● **WHAT IS BEING ASKED**
Beginning with the line that has "Pics of tabitha stevens nude #11" and ending with the line that has "SZ Tour 深圳園博園", retype the entries below exactly, except for the pictures.
*** SUPPLIED DATA ***
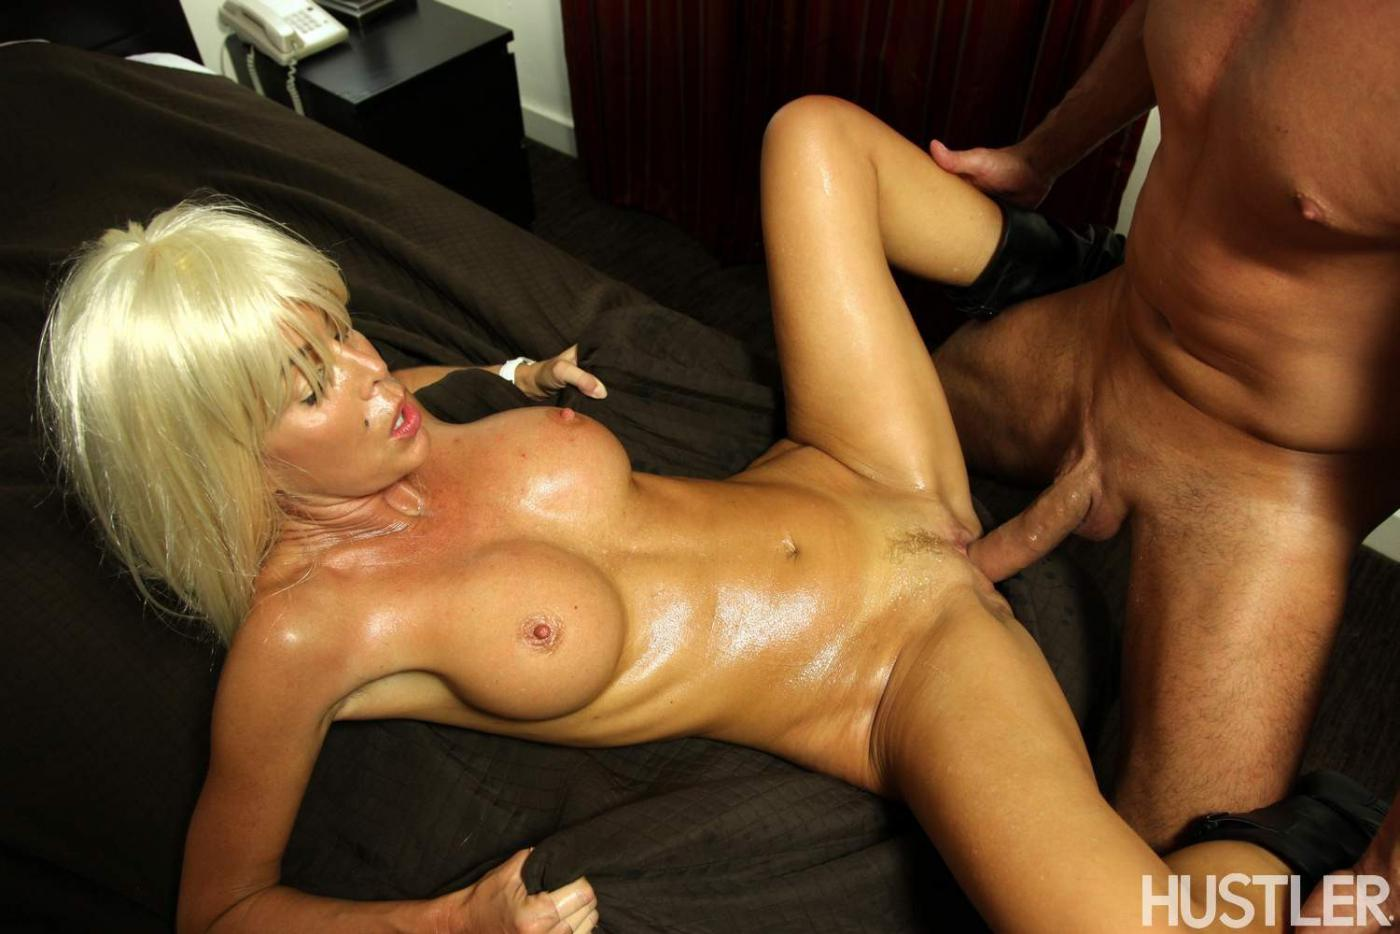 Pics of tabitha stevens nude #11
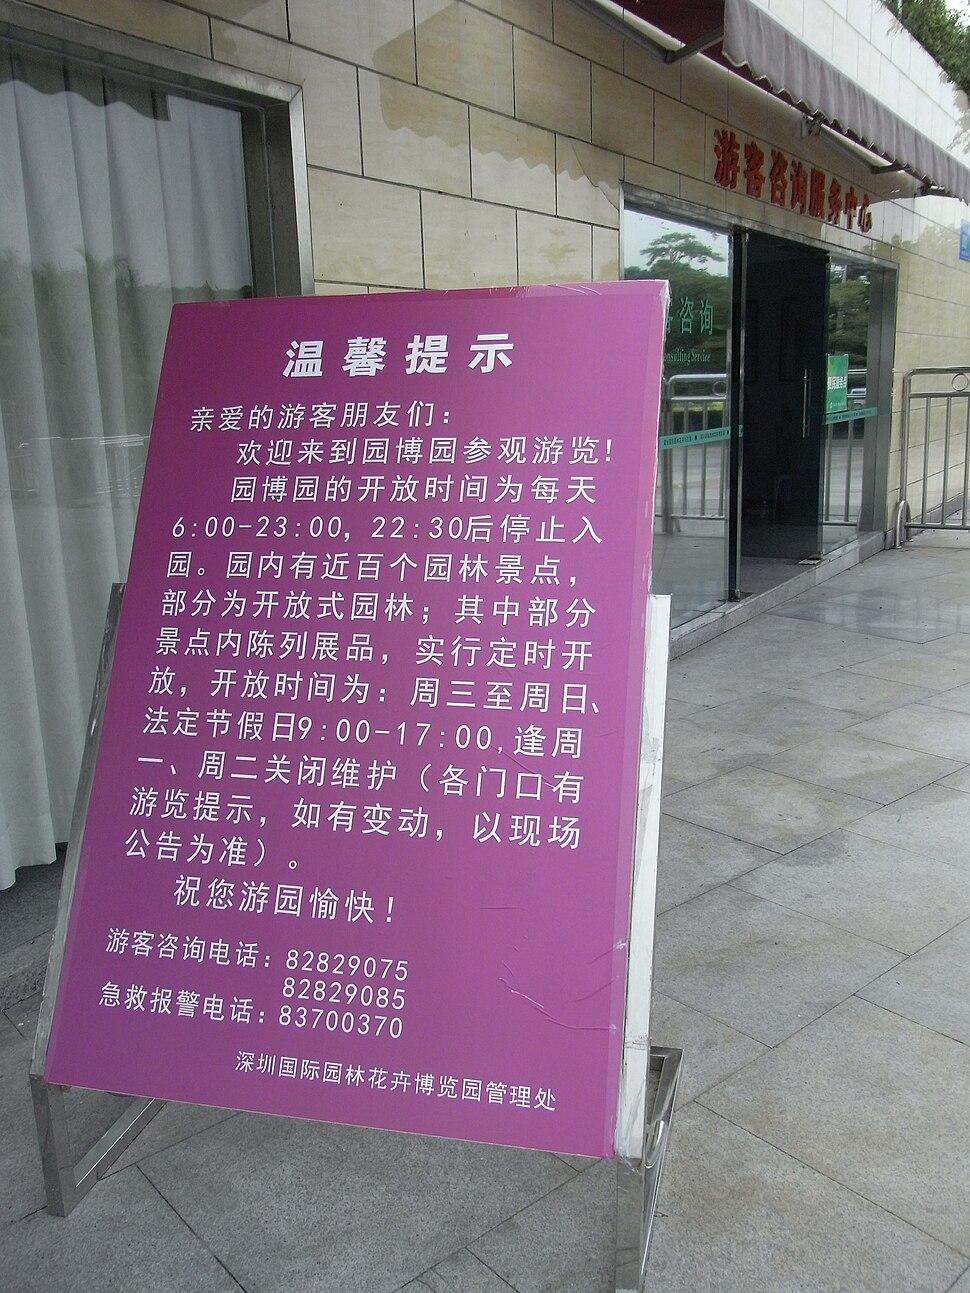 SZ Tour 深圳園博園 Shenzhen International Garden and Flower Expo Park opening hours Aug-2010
***
*** SUPPLIED DATA ***
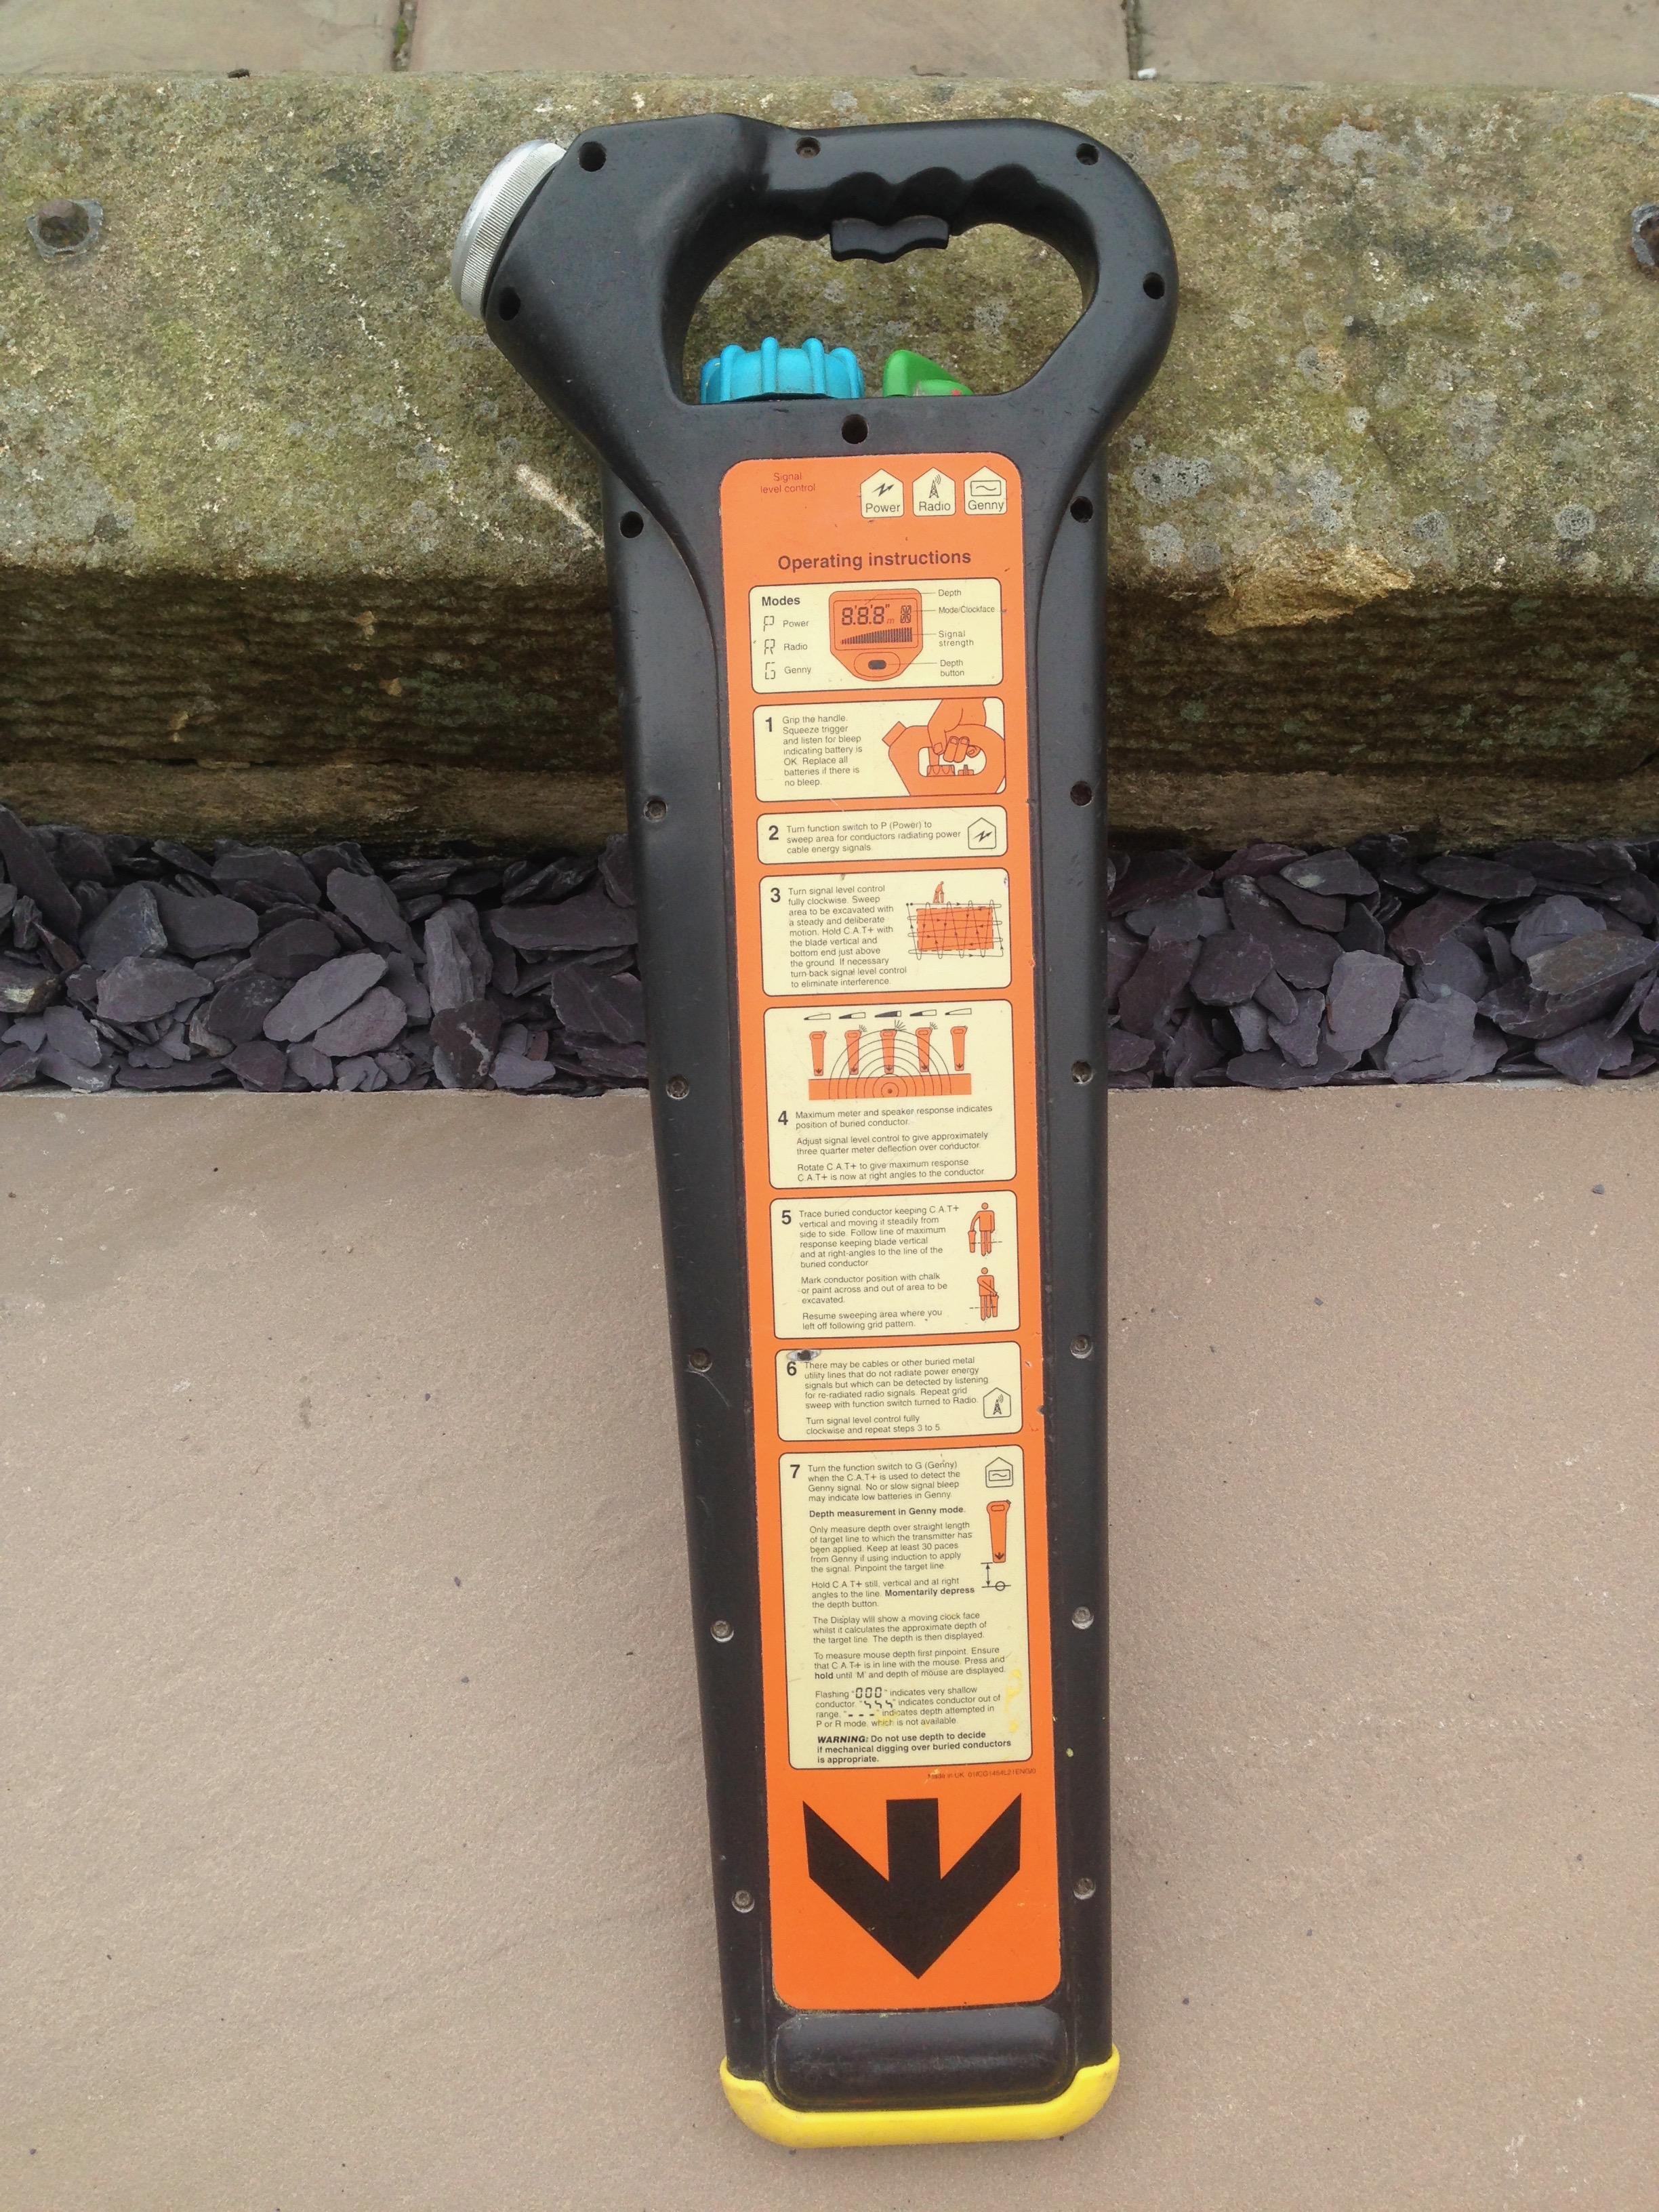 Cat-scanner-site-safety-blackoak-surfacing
***
*** SUPPLIED DATA ***
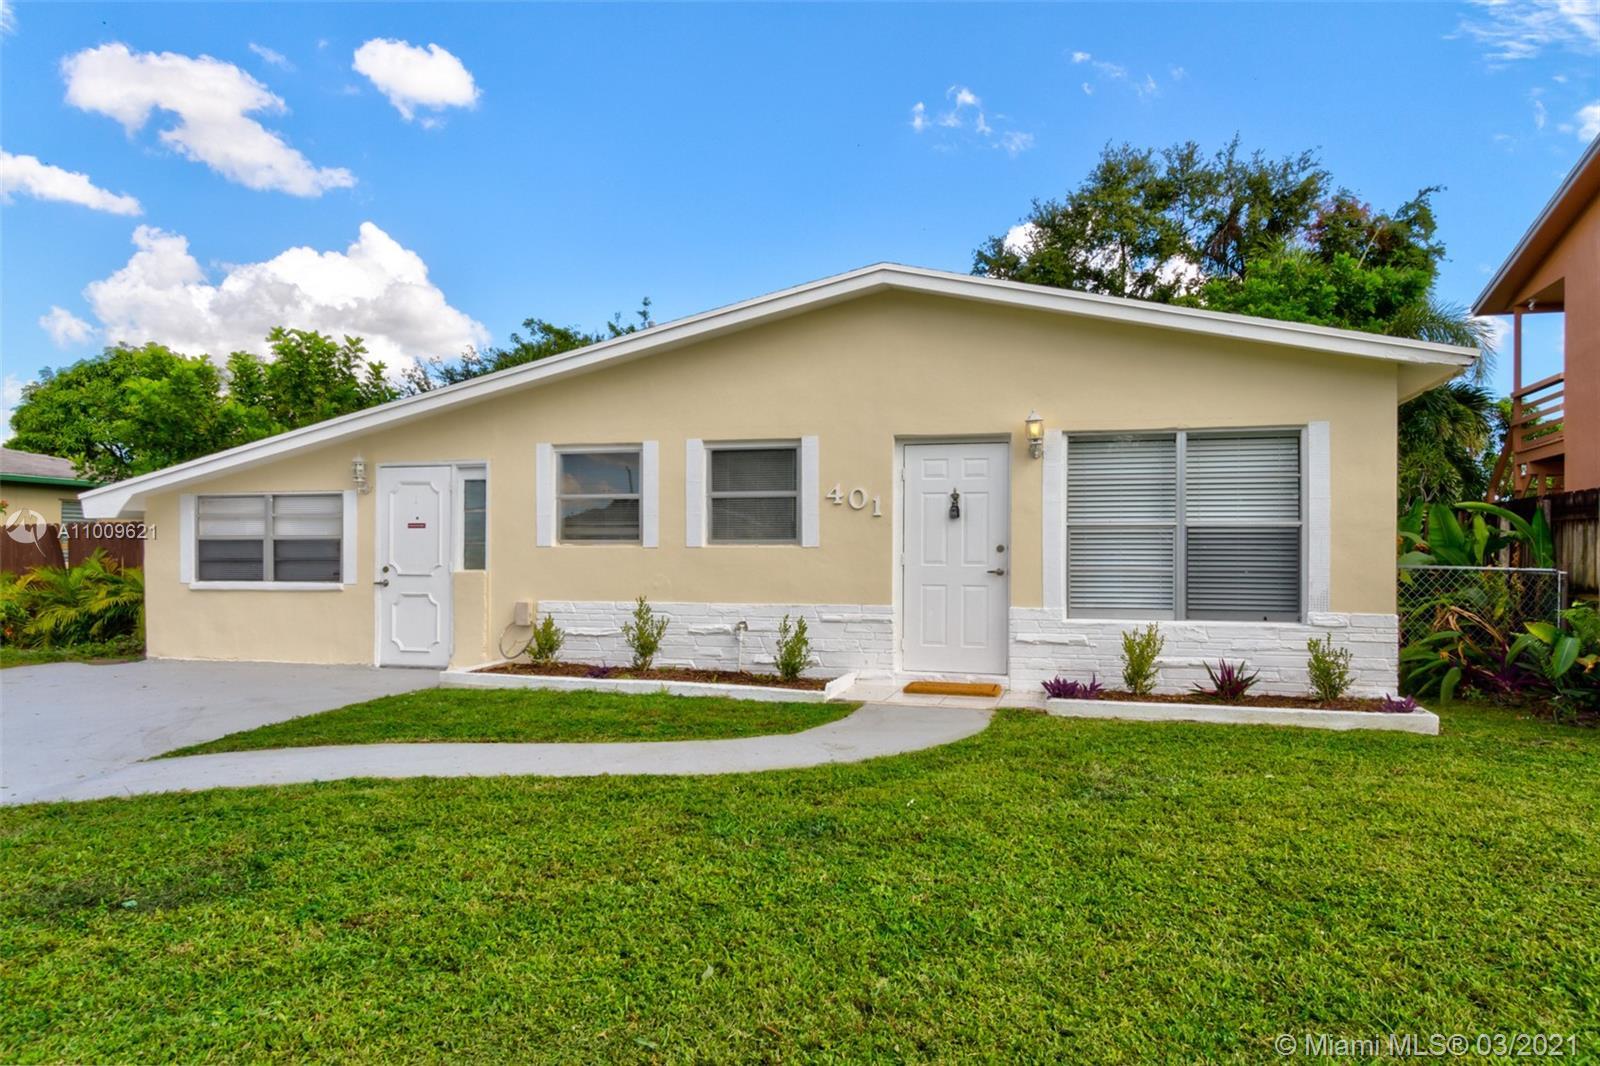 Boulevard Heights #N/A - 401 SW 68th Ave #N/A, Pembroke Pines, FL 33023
***
● **TASK OUTPUT**
 Pics of tabitha stevens nude #11
 SZ Tour 深圳園博園 Shenzhen International Garden and Flower Expo Park opening hours Aug-2010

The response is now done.